Rule 703 (bases of opinion testimony by experts)

Under Rule 703, the expert may rely on facts or data if of a type reasonably relied upon by experts in the field, whether or not the underlying facts are admissible into evidence. Con­frontation Clause issues still apply and trump this rule.


Rule 705 (disclosure of facts or data underlying expert opinion)

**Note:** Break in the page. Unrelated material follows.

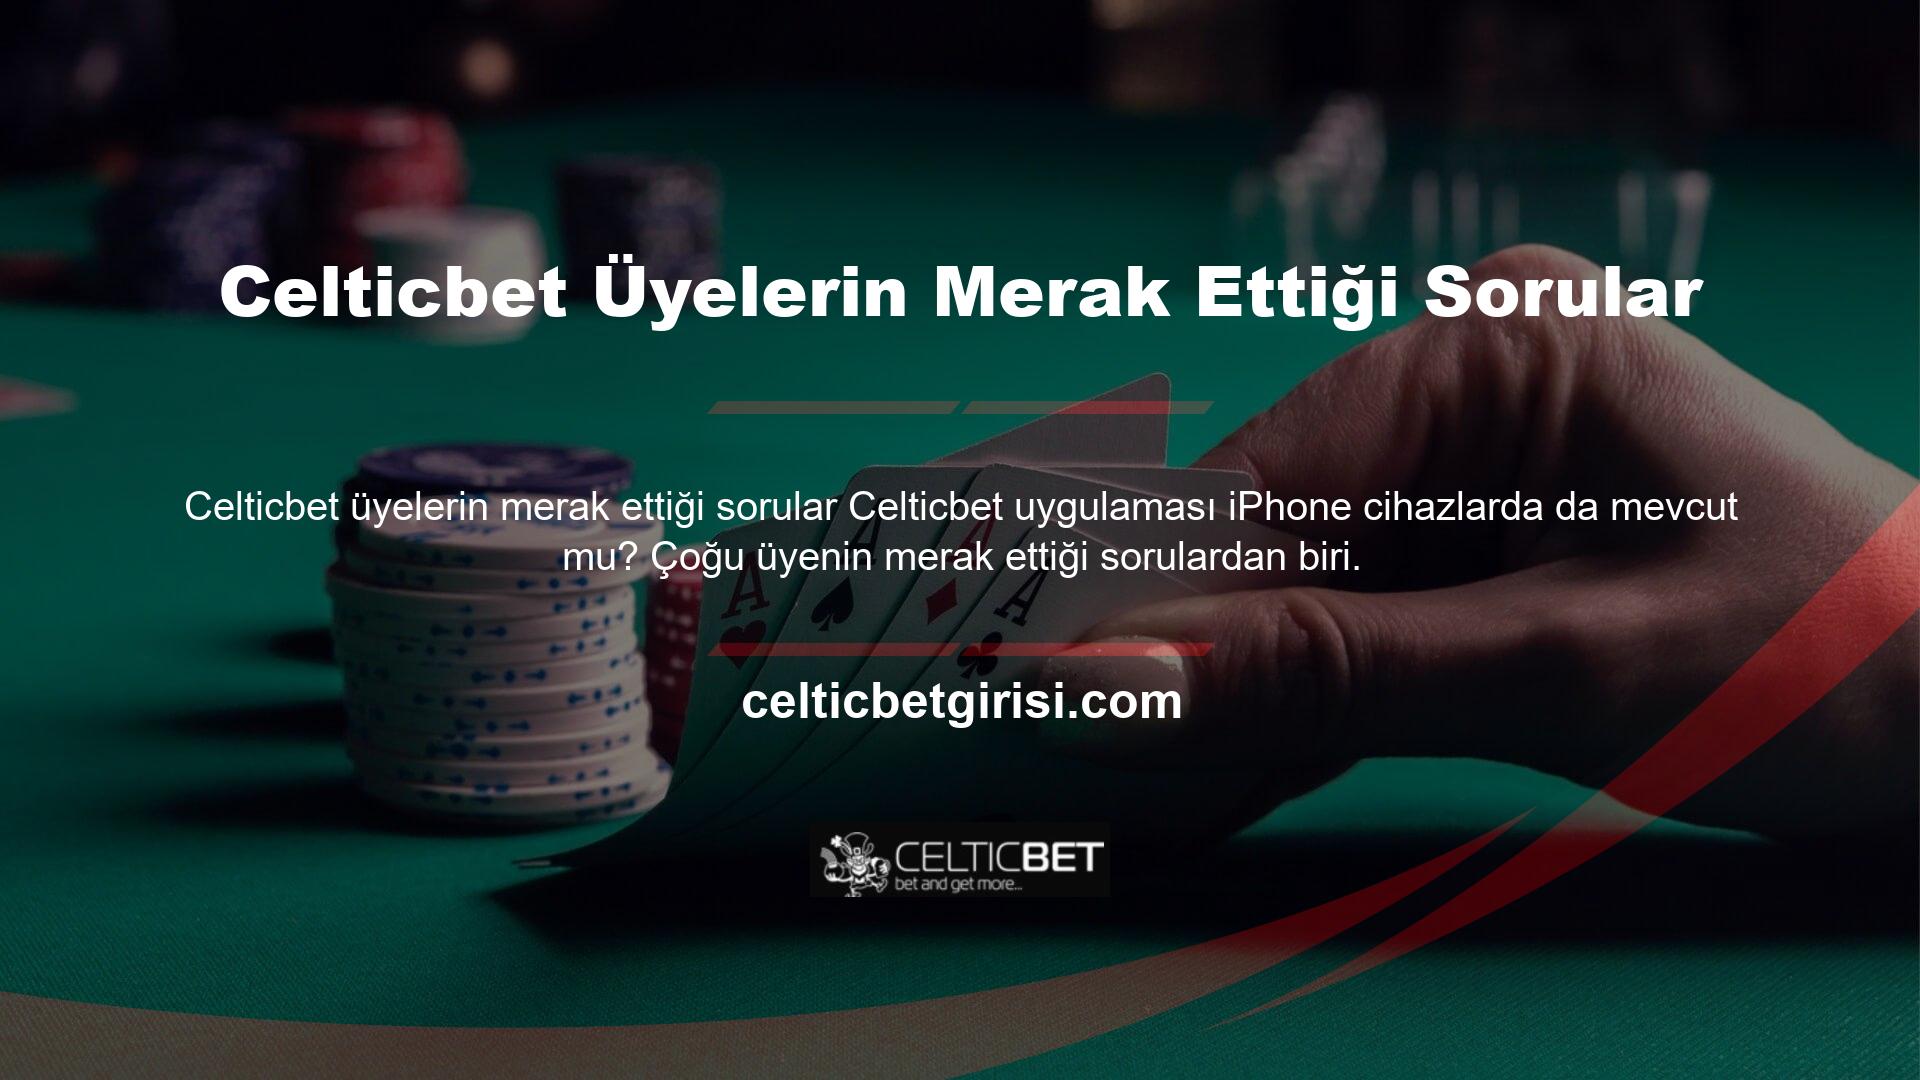 Celticbet mobil uygulaması uyumlu iOS cihazlarla çalışır mı? Üyelik başvurusunda bulunan bazı kişiler, her firmanın sunduğu hizmetlerde sorun yaşama endişesi yaşayabilir

Rule 703 and 705 are usually argued together when considering the treatment of the expert’s opinion (see Rule 702, above). The expert can testify to opinions without first giving the underlying facts to support the opinion. The trial judge, however, can require they be produced ahead of time. Voir dire of the witnesses “shall” be given in a criminal case out­side the presence of the jury. The court should keep out the opinion if the facts are not sufficient. A limiting instruction on the use of the otherwise inadmissible evidence shall be given upon request.

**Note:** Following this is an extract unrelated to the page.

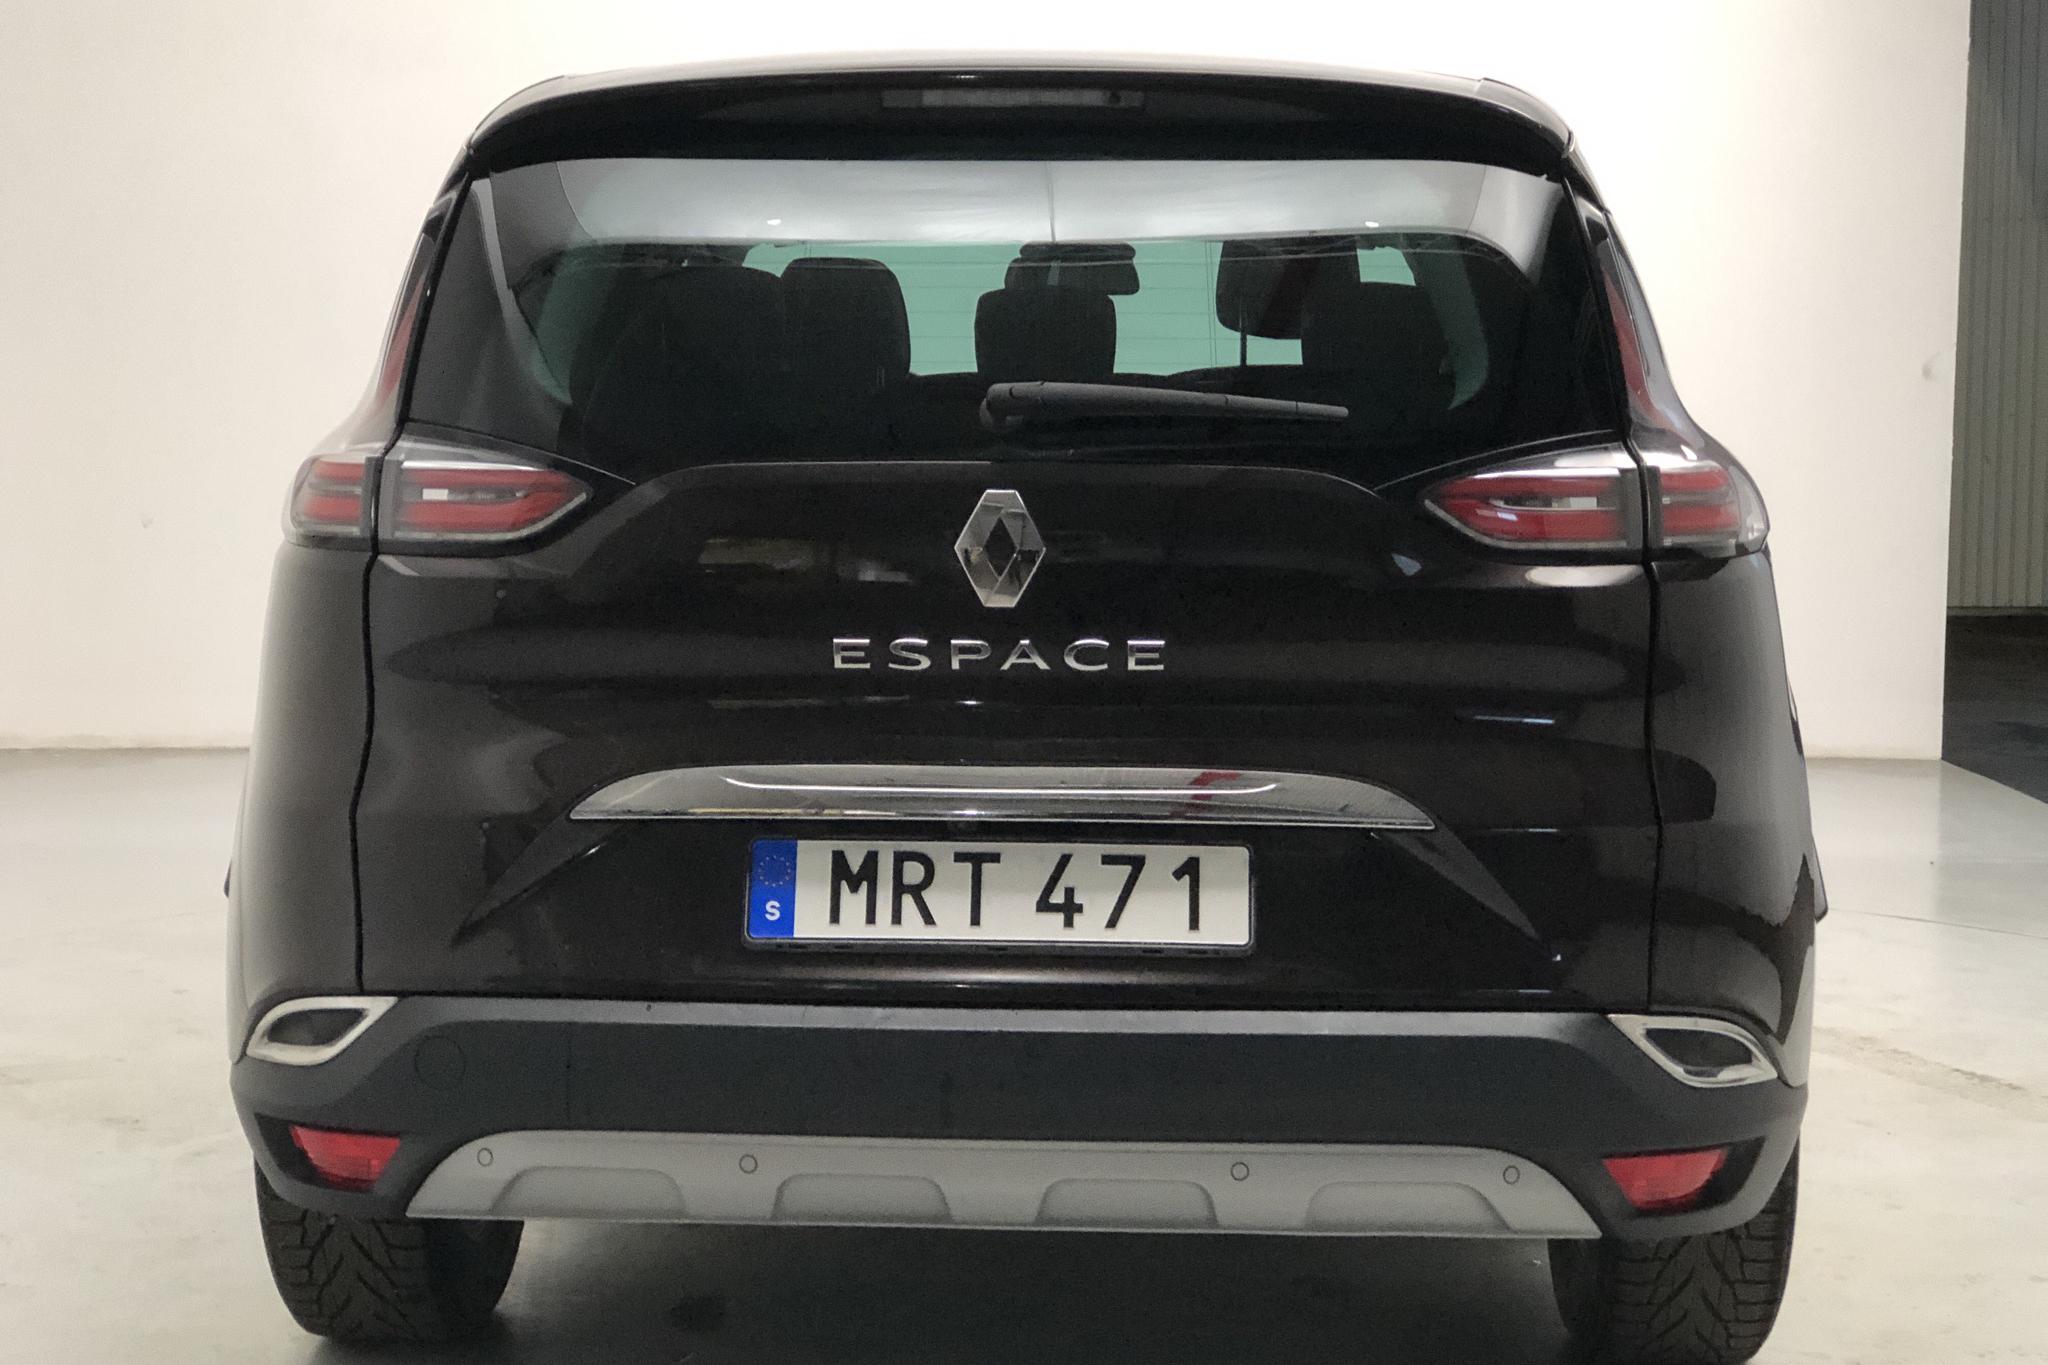 Renault Espace 1.6 dCi (130hk) - 122 640 km - Manual - brown - 2015

Rule 608 (a witness’ character for truthfulness or untruthfulness)

Rule 608 may be used by the defense to show that a witness (including the client) who testifies has a reputation for be­ing a truthful person. It is sometimes used by the state to present a police officer who says the defendant who tes­ti­fies has a bad reputation for being a truthful person. Re­mem­ber, though, no witness, lay or expert, may testify that another witness is lying in particular testimony. Schultz v. State, 957 S.W.2d 52 (Tex. Crim. App. 1997). Offering evidence about the truthful nature of a witness may elicit “have you heard” questions about specific acts of the fact witness that are inconsistent with a truthful nature.


Rule 404 (a) (character of the client or the complaining witness)

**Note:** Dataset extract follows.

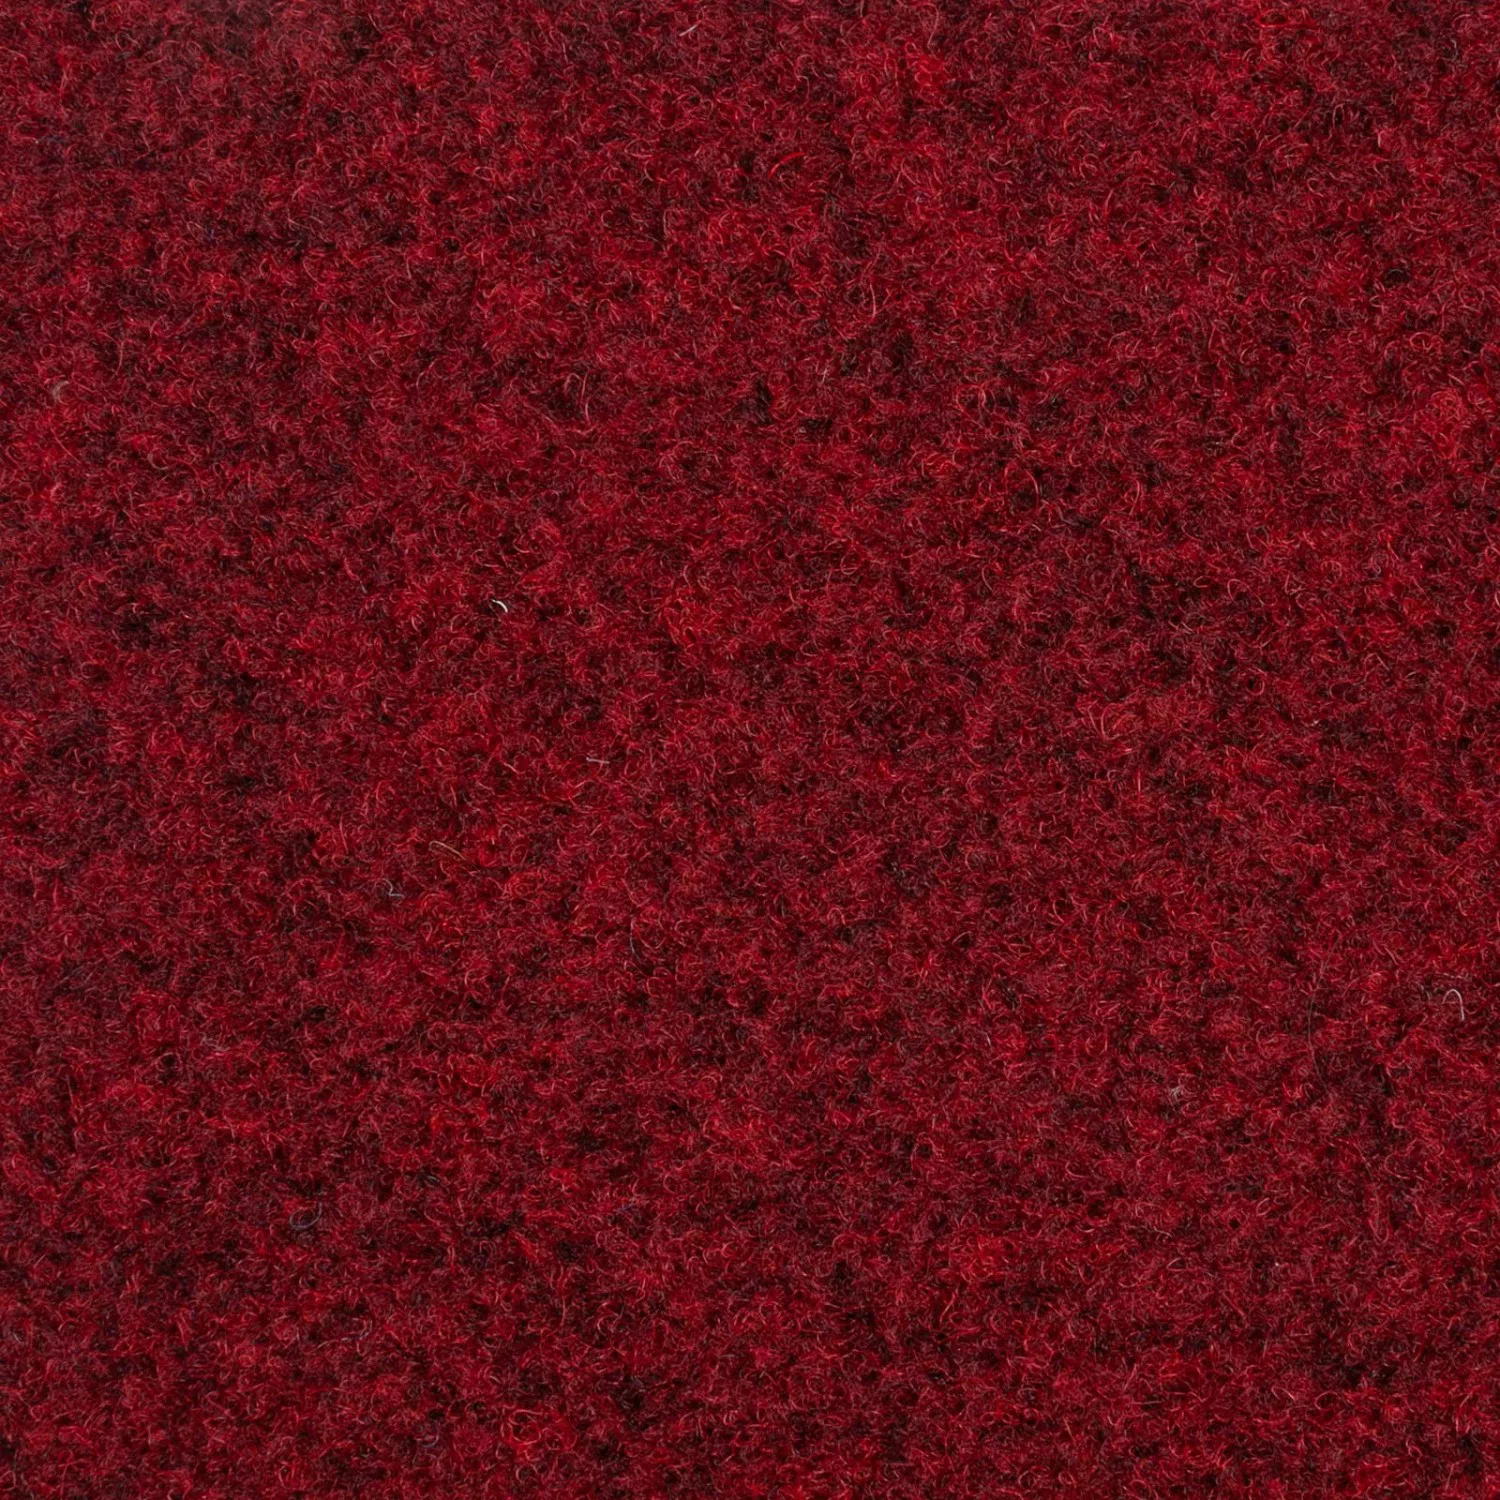 Schatex Nadelfilz Teppich Fliesen In 50x50 Cm Nadelvlies Teppichfliesen Rot günstig online kaufen

We visited Rule 404(b) (limiting the use of the client’s other crimes, wrongs, or acts) in the top 12. We now turn to 404(a). Even if the client does not testify, his character for be­ing a truthful, law-abiding, violent, honest, moral, or sober person may be presented. Being a non-murderer or a non-pedophile are not character traits. See Valdez v. State, 2 S.W.3d 518 (Tex. App.—Houston [14th Dist.] 1999, pet. ref’d). The character traits of the complaining witness may also be presented under this rule, but they are limited in sex-offense cases by Rule 412. (Rule 412 does not make our top 25 because it only applies in sexual assault cases, but in those cases it is essential.)


Rule 609 (impeachment by evidence of conviction of crime)

Rule 609 will often apply if the client testifies in the guilt or innocence portion of the trial. This rule determines which convictions may be used against him—if they are fel­o­nies or crimes of moral turpitude, within the last ten years, and pending appeal in state court. In federal court, it is admissible even if an appeal is pending. Texas has a no­tice requirement. The document of the judgment of the prior conviction may be admitted under hearsay exception 803(22).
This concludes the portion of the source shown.